政宗を山県に預けて、勝頼は馬場信春、本多忠勝を連れて米沢城へ入っていく。信勝は安全がわかるまでお市とともに待機だ。山上道及と直江兼続が護衛を兼ねて残っている。まだ未解決なのはどこで伊達家族が入れ替わったかだ。政宗は城の中でだろうが、小次郎と義姫がわからない。普通に考えれば小次郎と義姫が同じタイミングで拉致されたとみるのが妥当だし、となれば伊達陣の中に敵が混ざっている可能性が高い。伊達陣にいるのは小次郎率いる旧伊達軍、政宗を知っている者も多いだろう。今までのやり取りを見て不快に感じている者もいるだろう。つまり、まだ何か起きる可能性は残っている。
城に入ると穴山梅雪が待ち構えていた。
「お屋形様。城には一部の兵と政宗の正室がいるだけです。皆、覚悟を決めています」
暴れる様子はないという事です。
「政宗の正室は田村家の者だったな。確か、そうだ。相馬とも関係があったはずだ」
「田村は今回伊達側につきました。馬場殿が城を落とし、切腹させております」
「仕方あるまい。相馬へ預けるとしよう。で、輝宗はいたか?」
「地下室がありまして、そこに死体がありました。状態から見て、死後数日かと思われます。外傷はなく、病で倒れたようです」
病死でした。偶然このタイミングで病死というのも不思議ですが、異常はなさそうでした。
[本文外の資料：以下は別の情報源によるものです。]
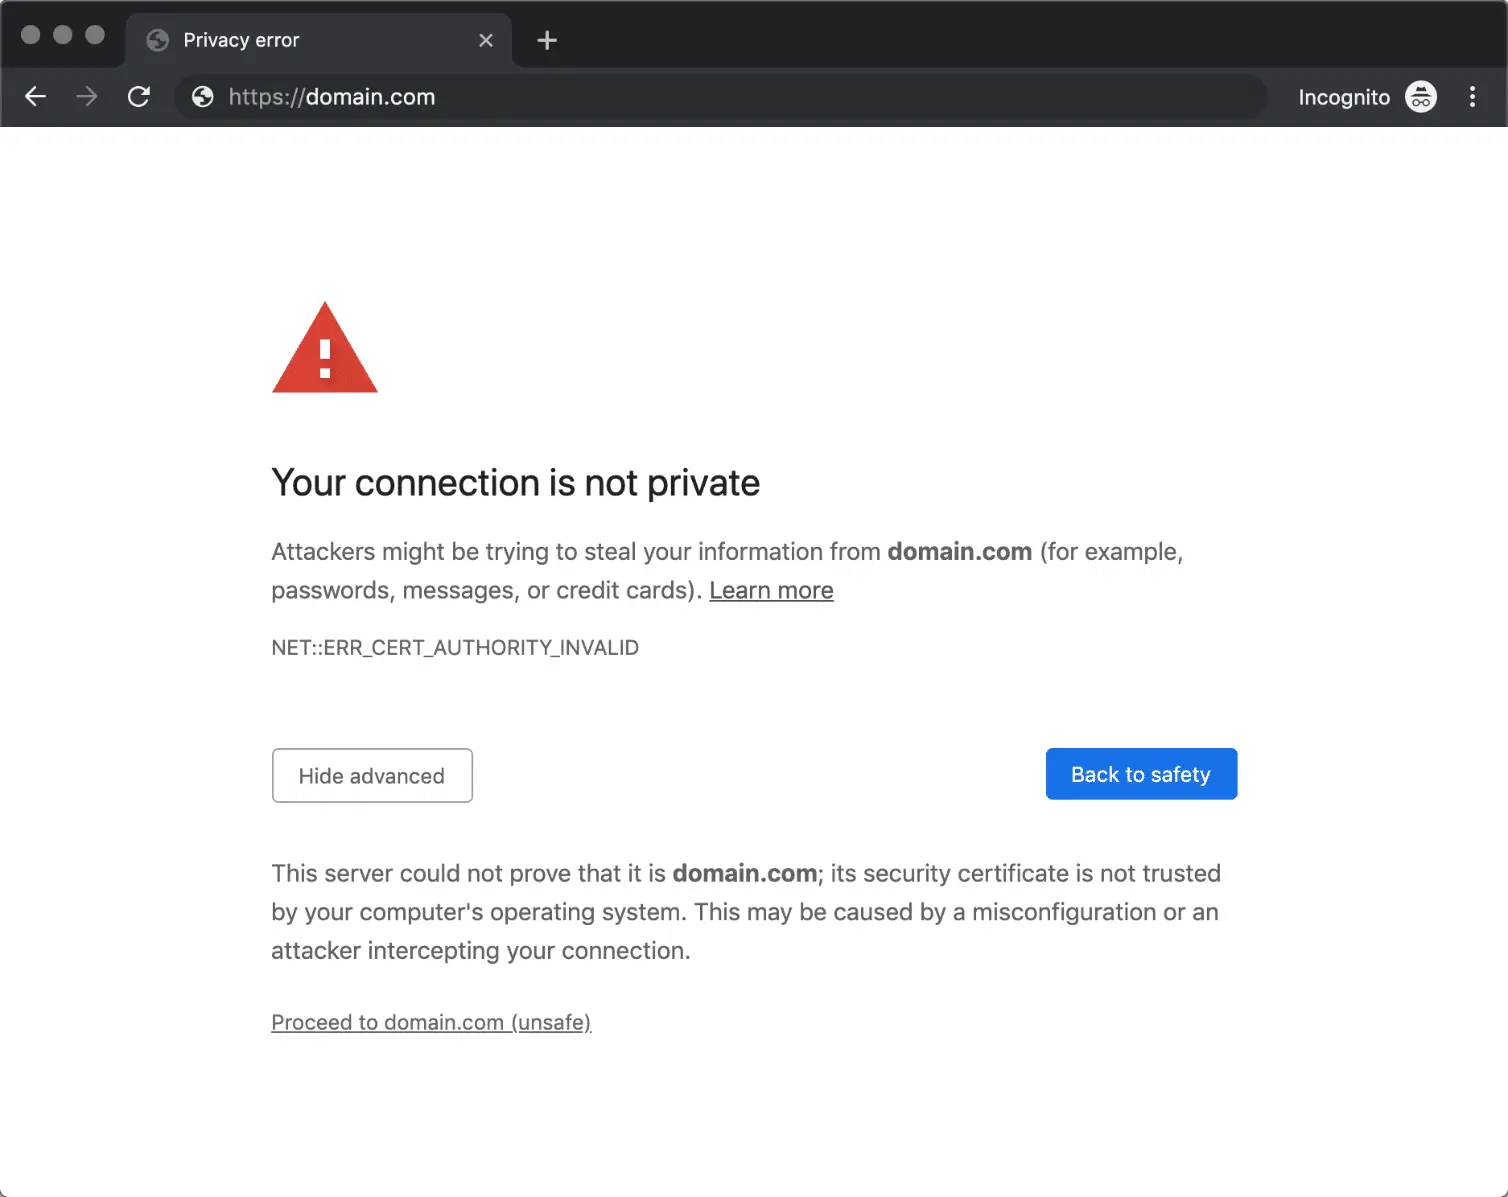 Privacy error, net::err_cert_authority_invalid on Google Chrome

「輝宗が死んだ事が、今回の政宗の行動に関係していたのでしょうか?」
穴山が尋ねます。穴山は伊達の動きがおかしいと勝頼に聞かされてから色々と考えていたようです。
「無くはないだろう。まだ、政宗は生かしてある。後で聞いてみてもいいが、早く殺して欲しそうだしな。あれ以上は喋りそうもないし」
「なぜ生かしておいたのですか?」
「うーん、上手く言えないのだが強いて言えば小次郎かな」
「???」
穴山は意味がわかりませんでした。ですが、何かあると感じているのでしょう。政宗の正室、愛姫を相馬へ引き渡しました。愛姫の母親は相馬の親族なのです。城の中を検分し、ここは誰に任せようかと考えていた時に、ふと、室賀の顔が浮かびました。室賀正武、小県の国衆で、川中島では活躍した武将です。最近は表だった活躍はしていませんが、信玄が信濃を攻略し始めた時から武田に味方しています。
そこに伝令が飛び込んできました。そのために室賀の事はまた頭から消えてしまっています。
「お屋形様、伊達小次郎様が見つかりました」
伝令は錠でした。徳の弟で特殊部隊ゼット、チーム甲のリーダーです。
「で、生死は?」
「ご無事でした。山間の洞穴の中に縛られておりました。今、救出し陣へ向かっております」
「そうか。で、伊達陣内での動きはどうだ?」
「一部の兵が結託して行動を起こそうとしていたのを紅が見つけ、山県様がすでに包囲しております」
事前に防げたか。その中に風魔が紛れ込んでいるかもだな。勝頼はそう考えながら自分の陣へと戻っていきました。室賀の事は忘れて。